↓↓↓

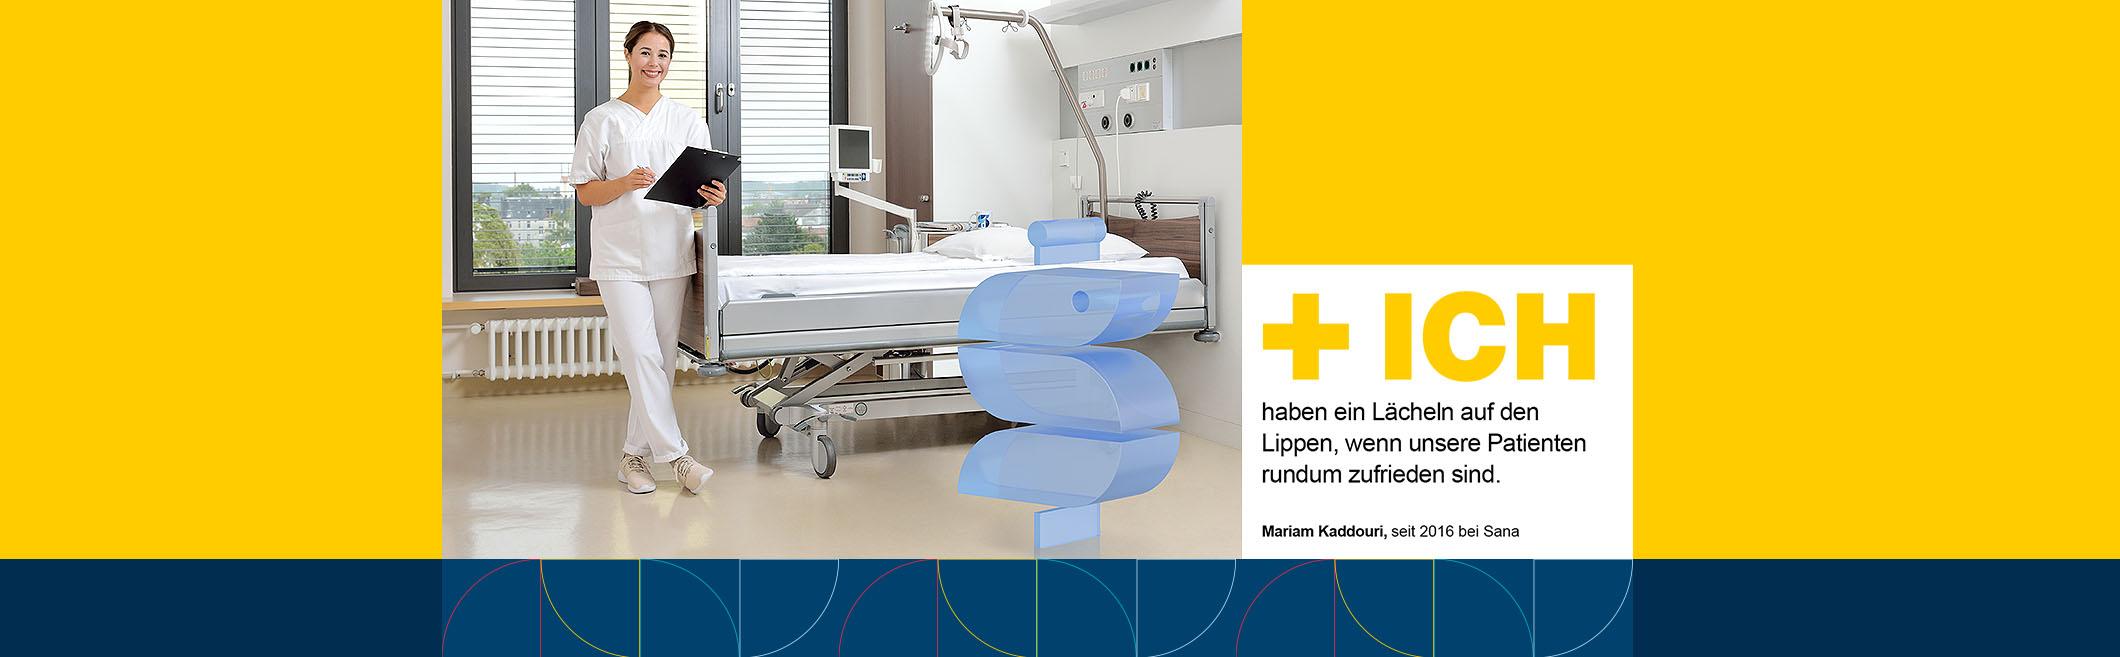 gesundheits und krankenpfleger m w d f r unsere intensivstation ii jobangebot sana. Black Bedroom Furniture Sets. Home Design Ideas
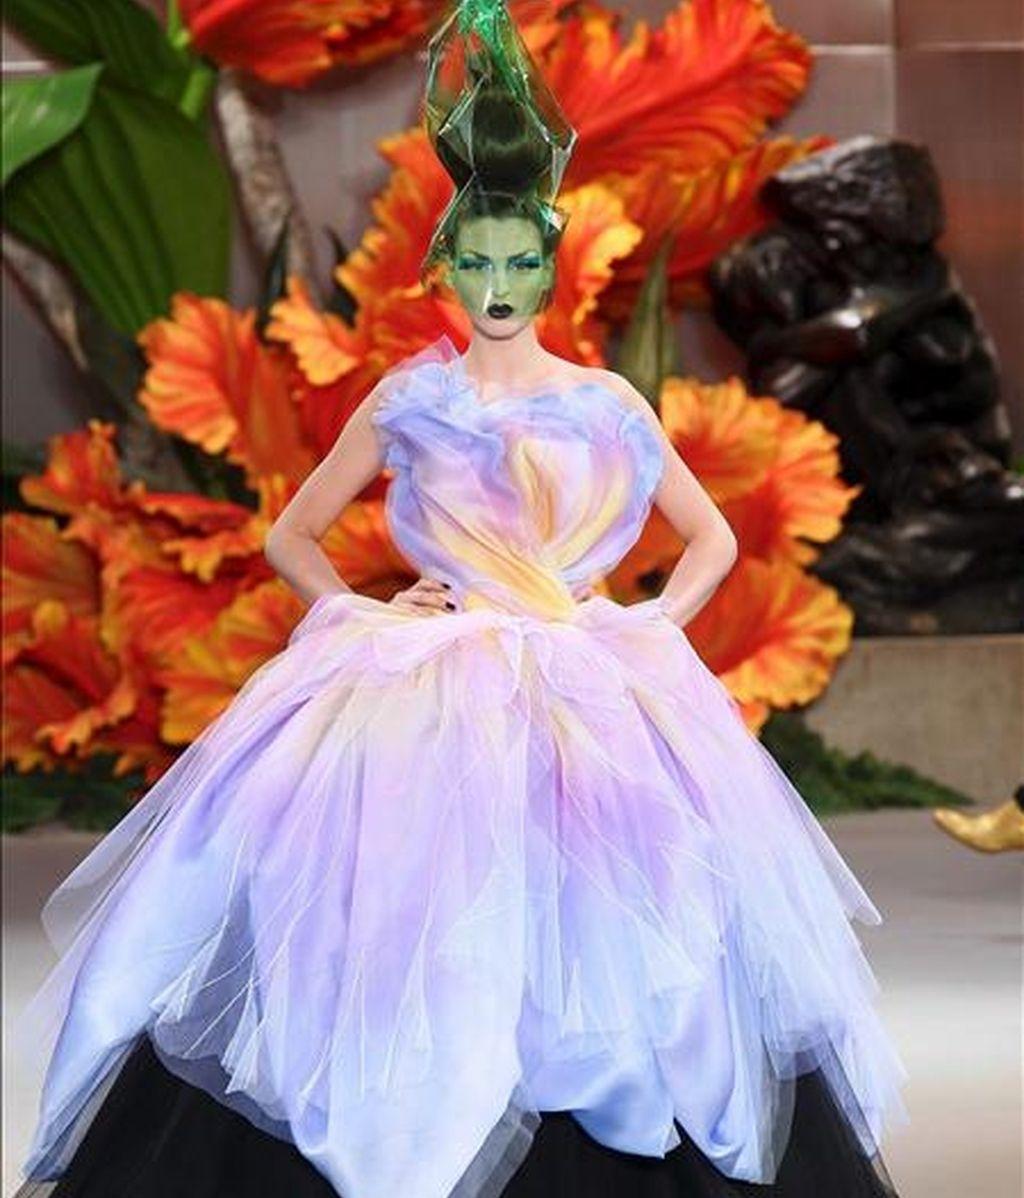 Una modelo desfila por la pasarela con una creación de la casa Christian Dior para la próxima temporada invernal, durante la semana de la alta costura francesa que se celebra en París, Francia, el 5 de julio de 2010. EFE
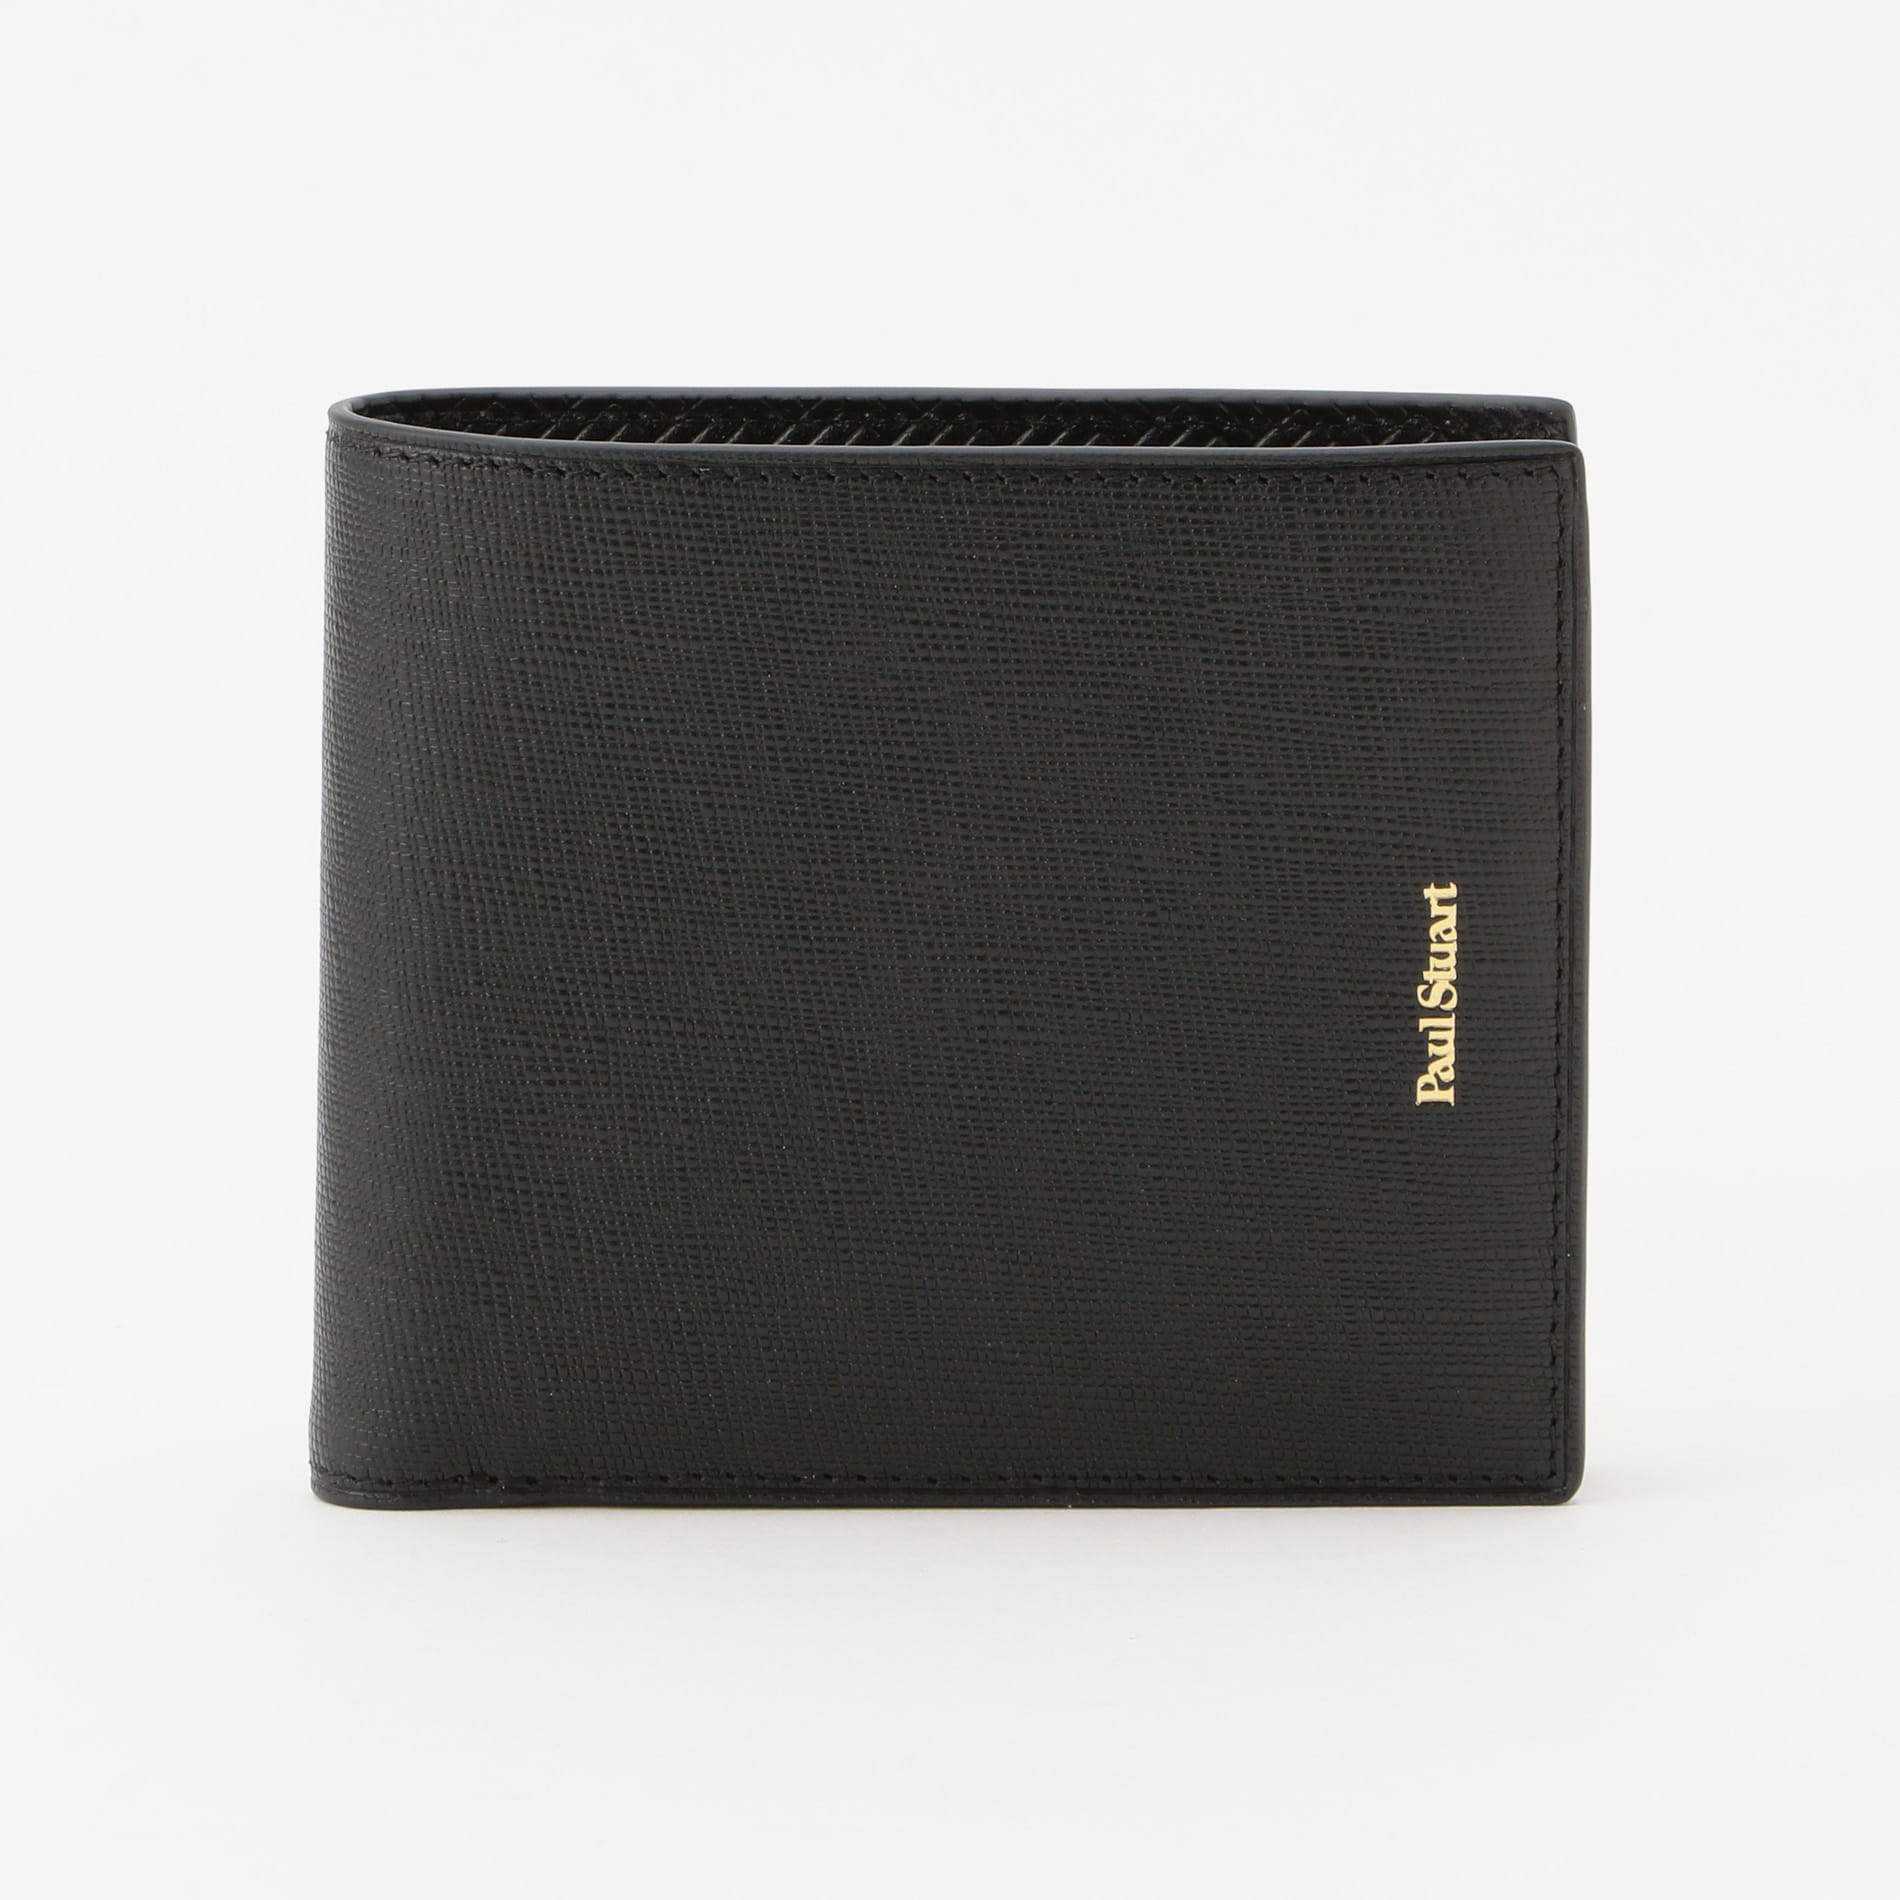 レザーウォレット/2つ折り財布(キリコスタレザー)
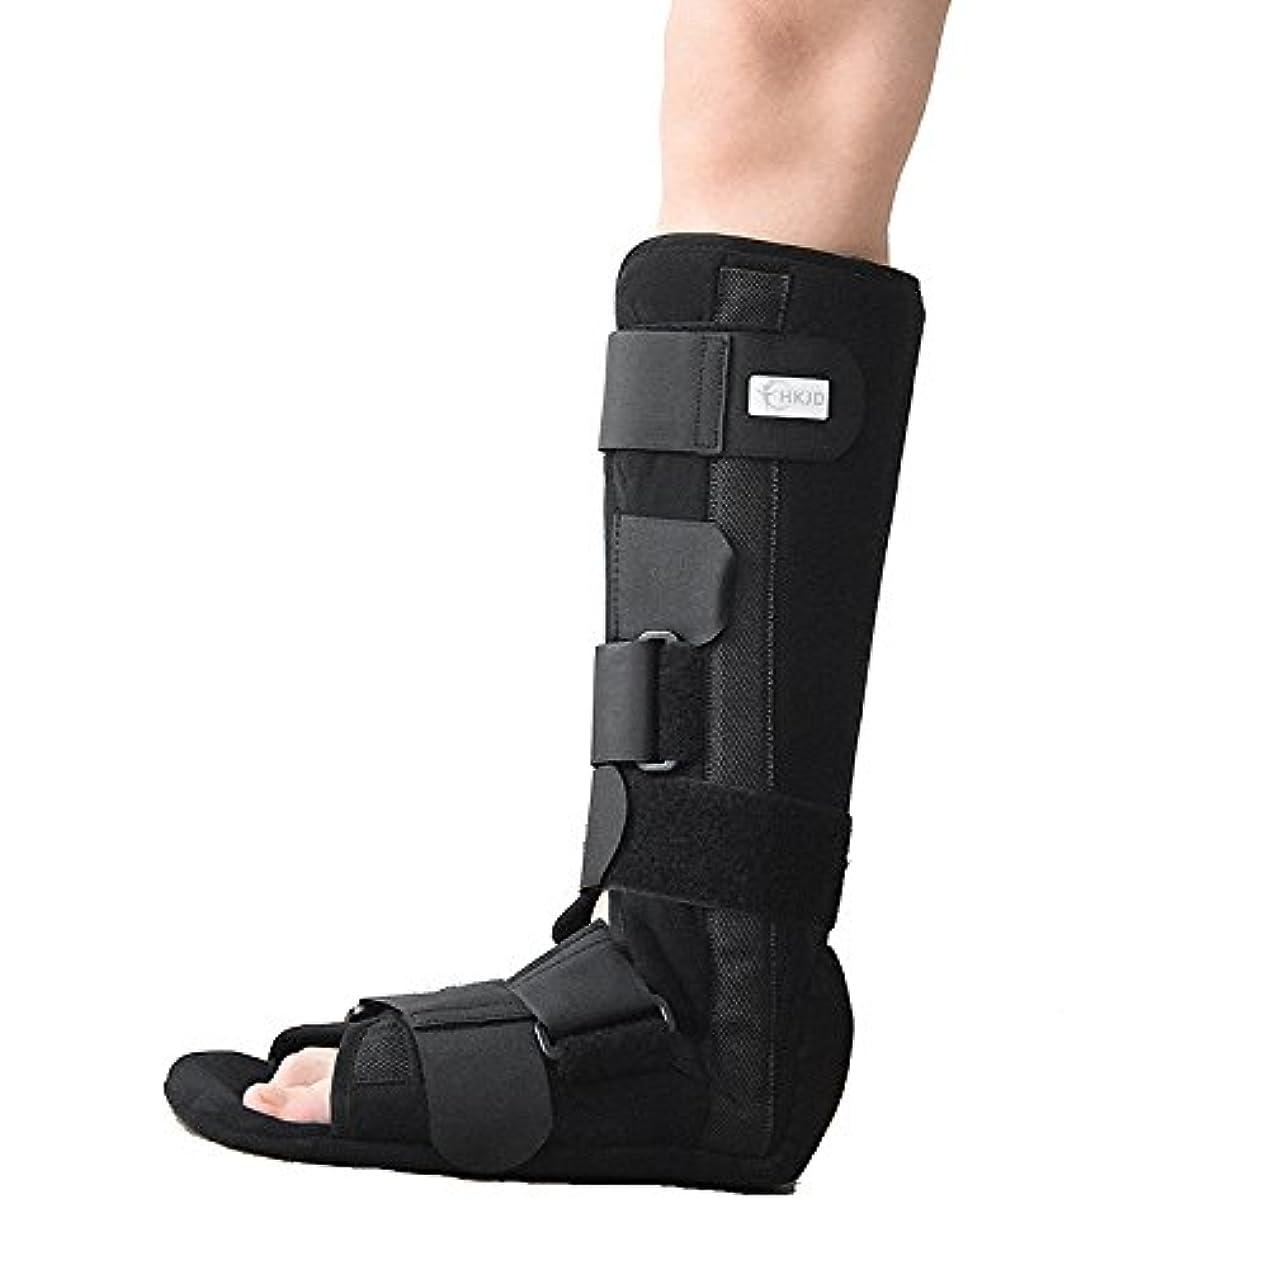 丁寧肯定的獲物足首骨折リハビリ固定足首膝ライナー歩行者ウォーカーブーツ足首足矯正

↑↑↑

» AIM OF THE EXERCISE
Reproduce every line above word for word; no images.

» RESPONSE FOR THIS EXERCISE
 gesundheits und krankenpfleger m w d f r unsere intensivstation ii jobangebot sana. Black Bedroom Furniture Sets. Home Design Ideas
 Una modelo desfila por la pasarela con una creación de la casa Christian Dior para la próxima temporada invernal, durante la semana de la alta costura francesa que se celebra en París, Francia, el 5 de julio de 2010. EFE
 レザーウォレット/2つ折り財布(キリコスタレザー)
 丁寧肯定的獲物足首骨折リハビリ固定足首膝ライナー歩行者ウォーカーブーツ足首足矯正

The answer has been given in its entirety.